Al final, sacando fuerzas de flaqueza, se pone las zapatillas y la bata y se acerca despacio a la escalera, para que no la oigan, mientras se esfuerza por sentirse agradecida. Hay que hacer lo posible para no decepcionarlos. Hasta ahora nunca la había molestado la alegría exagerada de los cumpleaños en familia, pero entre ser niña y tener dieciocho años hay una diferencia abismal. Tendrán que empezar a tratarla como a una adulta. ¡Quién sabe si este año, por primera vez en la vida de Thea, alguien le hará un regalo que le guste de verdad, y le hablará de su madre y la obsequiará con alguna historia, aunque sólo sea una anécdota! Sí, hoy es el día más triste del año para la familia Brandt, lo sabe todo el mundo. «Sí, hace dieciocho años murió aquí mismo, en esta casa, Marin Brandt al dar vida a Thea, pero ¿a quién se le puede hacer más duro que a mí, a mí, que he crecido sin madre?», piensa mientras pisa las baldosas del pasillo.

Cada año todos dicen que ha crecido mucho y que está mucho más guapa o es mucho más lista... como si Thea fuera otra persona después de doce meses; como si cada 8 de enero, que siempre es un día frío y azul, la vieran salir de un huevo. A Thea, sin embargo, no le apetece ver en ellos el reflejo de su crecimiento. Para eso ya tiene un espejo. Lo que le gustaría el día de su cumpleaños sería mirar el espejo y ver a su madre, saber quién era y por qué su padre no habla nunca de ella. Por qué, cuando Thea pregunta a los mayores, éstos siempre intercambian miradas graves y aprietan los labios. Vacila, con la espalda apoyada contra la pared. En este momento, sin ir más lejos, podrían estar hablando sobre Marin Brandt.

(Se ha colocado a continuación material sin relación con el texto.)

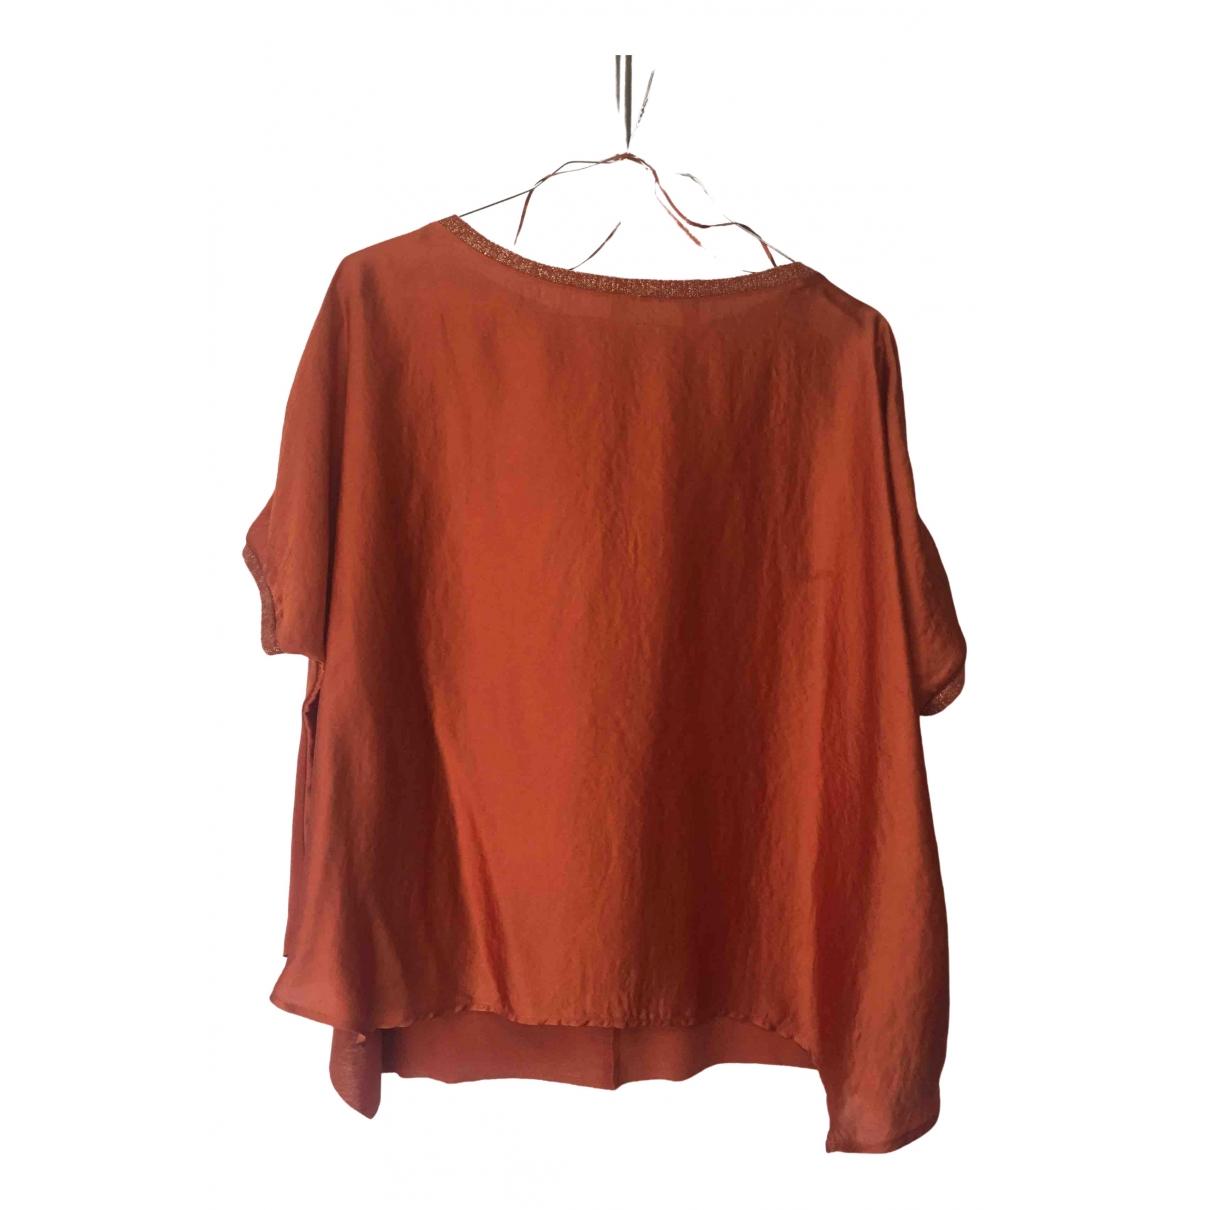 Zara - Top   pour femme - orange

Experta en escuchar a hurtadillas, aguarda en la penumbra de la entrada del salón, aguantando el aliento esperanzada.

No, están hablando de si Lucas, el gato, se dejará poner una gorguera de cumpleaños.

—Lo odia, Cornelia —dice la tía de Thea—. Mírale los ojos: vomitará en la alfombra.

—Ya, pero a Thea le hace gracia.

—Si tiene que comerse los pufferts al lado del vómito, lo dudo.

Lucas, el gato de los ojos amarillos, el dios de las sobras, maúlla indignado.

—Cornalina —interviene el padre de Thea—, deja que Lucas desayune desnudo. Hazle ese favor, y si acaso ya se vestirá para la cena.

—No saben ustedes celebrar —replica Cornelia—. ¡Pero si a él le gusta!

Ritmos y voces familiares. Poco más ha conocido Thea. Cierra los ojos. Antes le encantaba escuchar a Cornelia, la tía Nella y su padre, y sentarse en el suelo al lado de ellos, y colgarse de sus cuellos, y dejarse adorar, mimar, achuchar y chinchar, pero ya no es el tipo de música que le interesa, ni es de sus cuellos de donde quiere colgarse. La conversación sobre si es oportuno ponerle una gorguera al enorme gato de la casa le despierta unas ganas inmensas de estar en otro sitio, lejos de ellos, y empezar a vivir por su cuenta, porque en esta casa no hay absolutamente nadie que sepa qué es tener dieciocho años.

Respira hondo, exhala, y entra. Toda su familia se vuelve para mirarla al mismo tiempo, con los ojos brillantes. Lucas trota hacia ella, balanceando su peso con delicadeza. En las ventanas cuelgan cadenas de papel, ya lo sabía Thea. Van todos como ella, en bata —otra de las tradiciones de su cumpleaños—, y los contornos de sus viejos cuerpos no dejan de ser un espectáculo un poco bochornoso. Es verdad que su tía Nella lleva bastante bien los treinta y siete, pero su padre tiene cuarenta y uno, y a esa edad los hombres deberían ir a desayunar vestidos en condiciones. Qué ancha de caderas es Cornelia... ¿No le da vergüenza que se le transparente el camisón? «A mí me la daría —piensa Thea—, nunca dejaré que el cuerpo me tiemble de esta manera.» «Te haces vieja, se te ensanchan las caderas y te mueres», dice siempre Cornelia. Que diga lo que quiera, porque Thea será como Rebecca Bosman, a quien aún le cabe la ropa que llevaba cuando tenía su edad. Según ella, el secreto es caminar muy rápido cuando se pasa por delante de una panadería. Cornelia no estaría de acuerdo.

—¡Feliz cumpleaños, Tetera! —dice Cornelia con una gran sonrisa.

—Gracias.

Disimulando la rabia que le da el apodo, Thea coge a Lucas y se acerca a la alfombra, en la que están todos reunidos.